Honetly, you could stay here and never leave. They have their own mall that wraps around the trains for all your shopping needs. Several different restaurants from fine dining on a train car to a restaurant to a pizza and also an ice cream shop. Trolley, model train, ride on a train, the entire middle section is a beautiful garden with all kinds of waterfalls, flowers and sculptured bushes. 3 pools with waterfalls. Then you can take their electric bus anywhere down town or to the aquarium FOR FREE!! We were in heaven at this place. Definately not a place to pass up.

This is a real train station that was built in 1870. They also served over 50 passenger trains a day. The building was closed to the public when the last train stopped on August 11, 1970. It was reopened on April 11, 1973 as a luxury resort. In 1974 is was declared a historical site.

I know the composition isn't great on these of the entrance...but I just wanted to show how breath taking it was. The architechture was amazing.

This is the peak dome in the entrance/check in area WAYYYYY up high.












The Victorian train cars lined up and down the tracks (4 passenger car tracks total and there are 48 train cars total surrounding the gardens)

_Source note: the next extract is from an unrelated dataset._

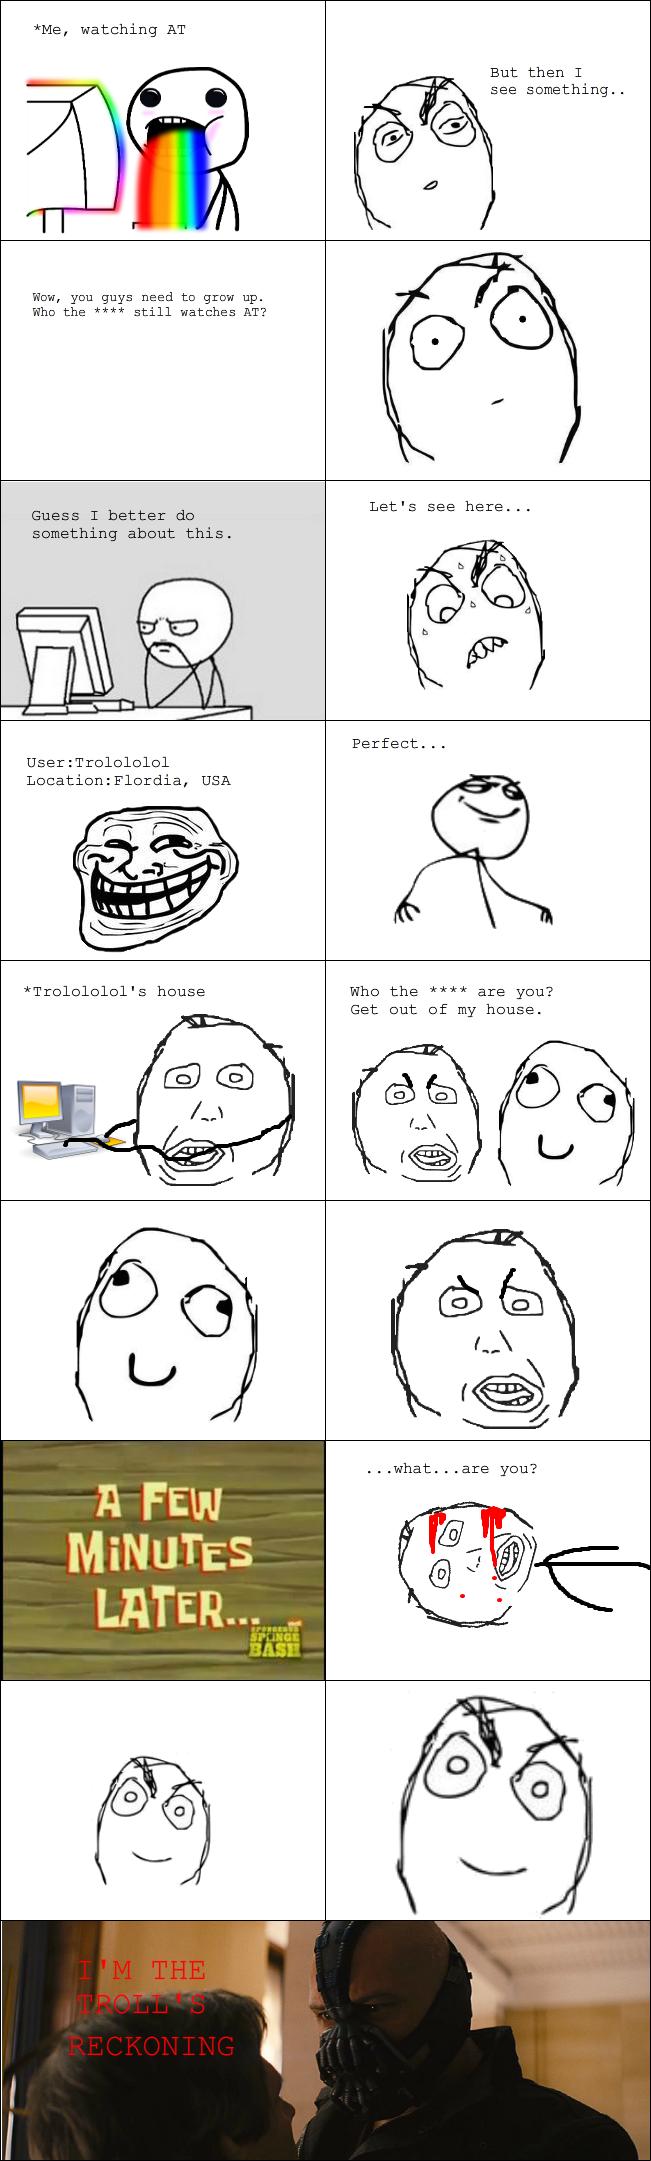 Troll's reckoning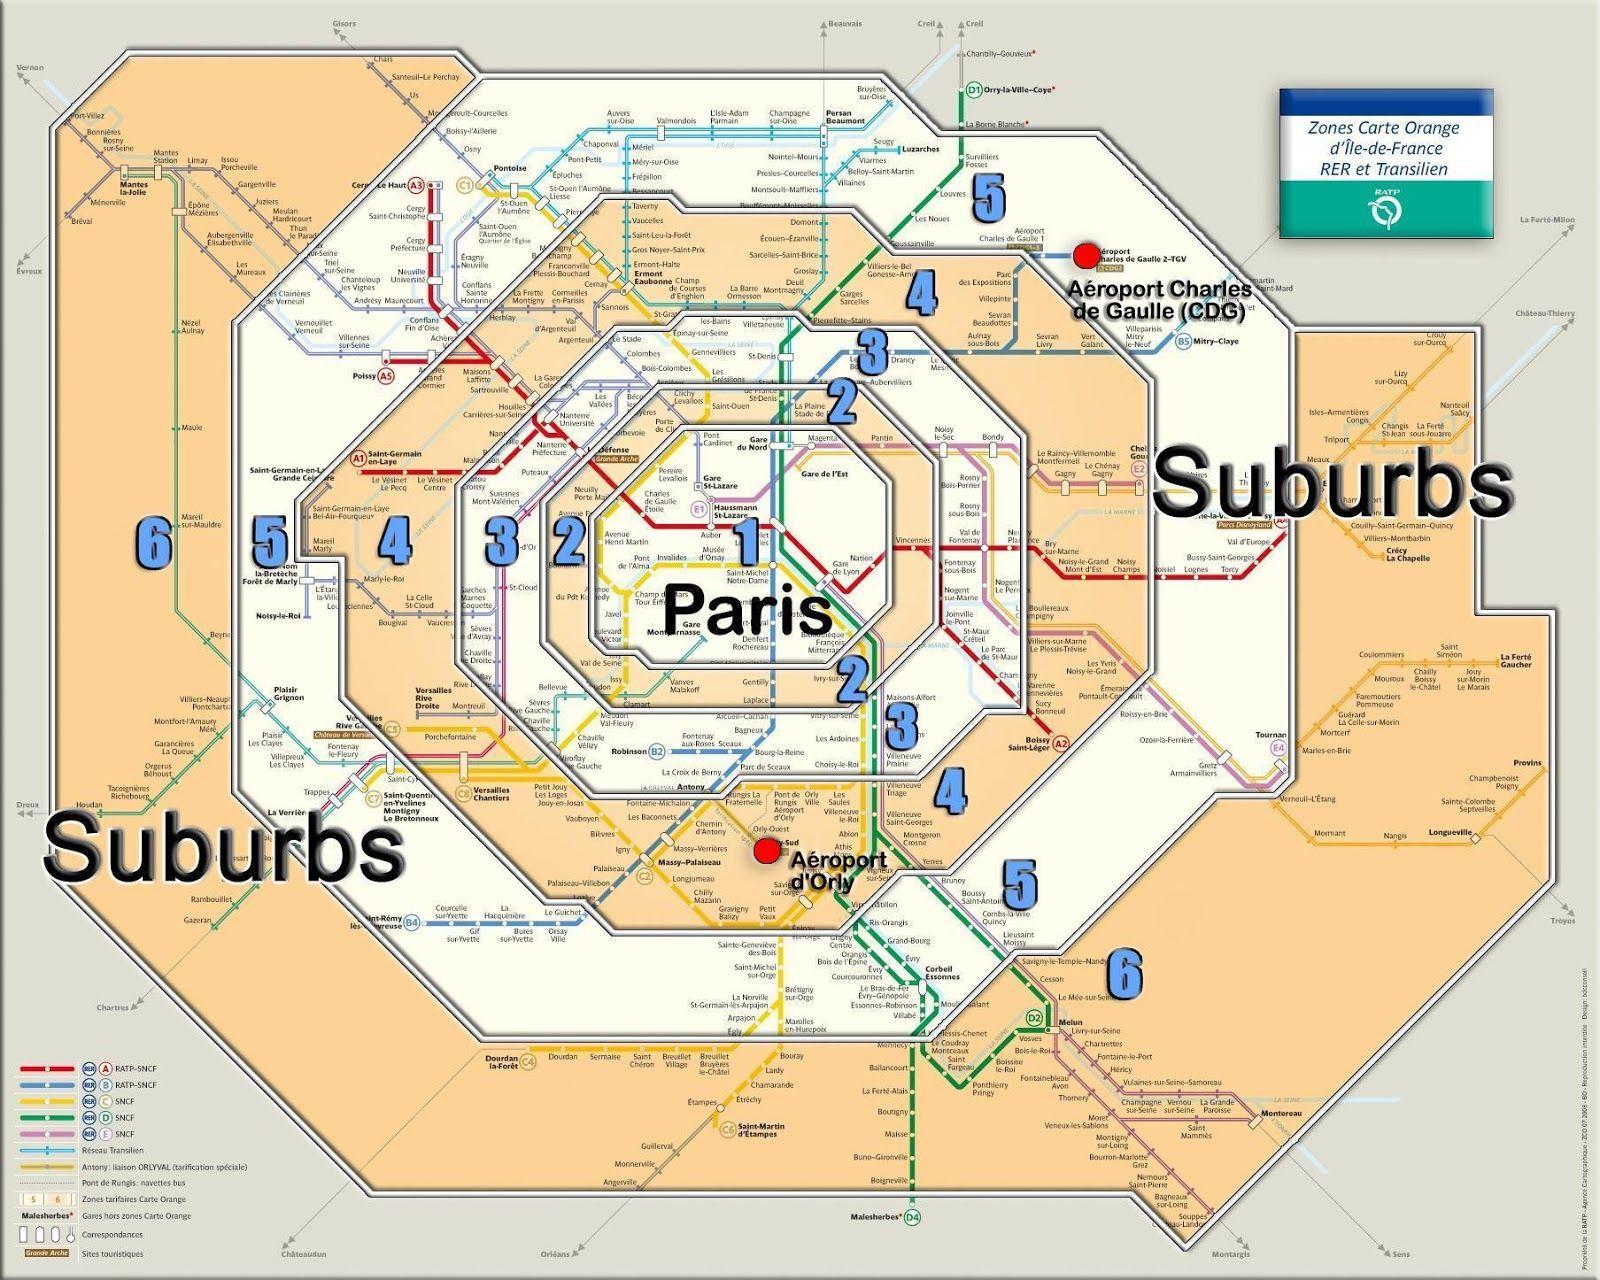 Paris Metro Zones  Art and Architecture tour  Pinterest  Paris

The first Chattanooga Choo Choo was Cincinnati Southern Railroad's small wood burning steam locomotive that started its journey through history from Cincinnati, Ohio on March 5, 1880. Nearly all trains traveling to the South passed through Chattanooga. The wood-burning "Choo Choo" was the first to provide non-stop service. Completely refurbished, she is the only engine of her kind now in the city.


----------



## William Petruzzo

Very cool. I like the second to last best.


----------



## Josh66

Cool.

Looks like it would be a fun vacation spot.


----------



## polymoog

Sounds like a really cool place to visit  Nice ceiling pic


----------